These questions are on my mind, because this week your UUCC staff devoted most of a day to participating in a facilitated session with Lenore Bajare-Dukes, our congregation’s primary resource person in the UUA’s Central East Region.

This session was designed to help us tend to the relationships among the six of us, including the tending of some hurt that needs healing care; to identify aspects of our processes and communication patterns that would benefit from adjustment; and ultimately to strengthen our capacity for teamwork. We engaged in this work not only because we care about one another, but also because we care about our work — the work of serving the UU Congregation of Columbia and its mission.

Lenore urged us to share stories with each other — stories about moments of connection and deepening and relationship, stories about hurt and disappointment, stories about what brings us hope.

And I came away from the day wondering how many of you really know how broad and deep is Hannah, Kelli, Michael, Sara, and Valerie’s investment in service of your UUCC mission. You are served by a team of six professional staff members who carry varied portfolios of responsibility for the work of the congregation — everything from the artistry on display on Sunday mornings, to the curation of curricula and materials for children and youth programming, to the coordination of small groups, to the maintenance of communication media, to the teaching of classes, to the recruitment and nurture of volunteers, to the balancing of books and the paying of bills and the processing of payroll and the logistical support of the Board and other committees.

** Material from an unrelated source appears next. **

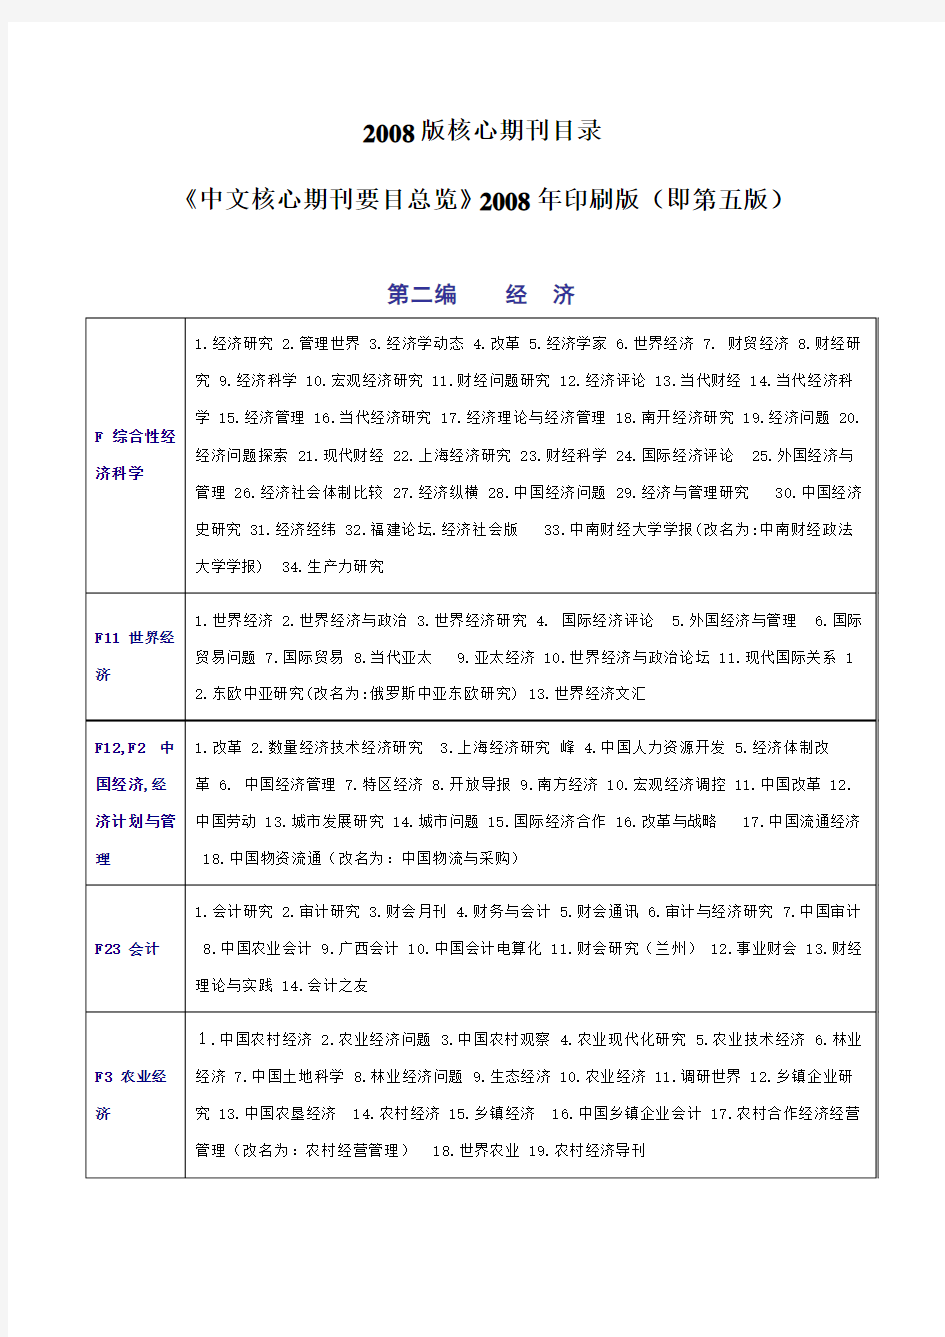 《中文核心期刊要目总览》2008年印刷版(即第五版)

I am so very fortunate not only to be your minister, but to be a member of this particular staff team who challenges me and inspires me and gives so much of themselves to this work.

If UUCC brings meaning to your life, I recommend thanking a staff member (someone other than me!) at your earliest opportunity. And ask them about their work. They have stories to tell!


One Comment

  1. Laurie Coltri

    I am so encouraged and uplifted by this post, particularly as I prepare for a brief reflection tomorrow on our upcoming Ends-Monitoring Survey Process. UUCC is its human beings, in relationship to one another. The profound significance of these bonds cannot be captured in statistics.

    Our staff bring irreplaceable meaning, talents, skills, dedication, vision, and experience to our religious community. I hope that, as we enter next Spring’s pledge season, we can amass the resources to compensate them adequately for all that they do.